Carlos Small

Personal information
- Full name: Carlos Daniel Small Cardenas
- Date of birth: 13 March 1995 (age 30)
- Place of birth: Panama
- Height: 1.82 m (5 ft 11+1⁄2 in)
- Position(s): Forward

Senior career*
- Years: Team / Apps / (Gls)
- 2014–2017: Sporting San Miguelito / 58 / (17)
- 2016: → Guria Lanchkhuti (loan) / 3 / (3)
- 2016: → Deportivo La Guaira (loan)
- 2017–2020: Árabe Unido / 67 / (17)
- 2018–2019: → Rio Grande Valley FC (loan) / 42 / (17)
- 2020–2021: Grecia / 15 / (3)

International career^{‡}
- 2015: Panama U20 / 9 / (1)
- 2015: Panama U23 / 2 / (0)
- 2016–: Panama / 6 / (2)

= Carlos Small =

Panamanian footballer (born 1995)

Carlos Daniel Small Cardenas (born 13 March 1995) is a Panamanian professional footballer.

==International career==
Small made his international debut for Panama on February 17, 2016 during a friendly match against El Salvador.
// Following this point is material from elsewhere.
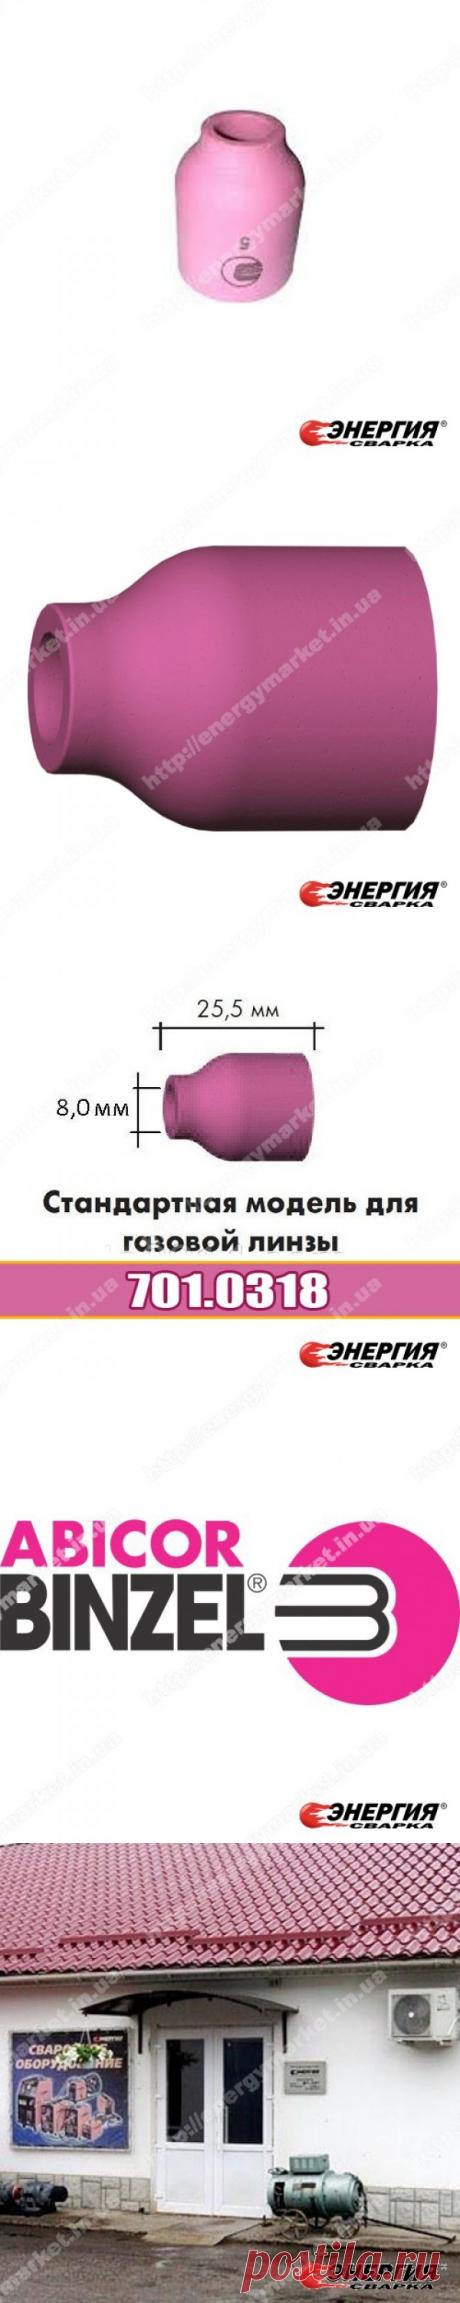 701.0318 Сопло керамическое № 5 NW 8,0 мм / L 25,5 мм  Abicor Binzel купить цена Украине

He scored his first two international goals in a friendly against Grenada in a 5–0 victory for Panama on October 24, 2017.

==Honours==
Individual
- CONCACAF League Team of the Tournament: 2017

==Career statistics==
=== International ===

| National team | Year | Apps | Goals |
| Panama | 2016 | 1 | 0 |
| 2017 | 1 | 2 |
| Total |  | 1 | 2 |

===International goals===
Scores and results list Panama's goal tally first.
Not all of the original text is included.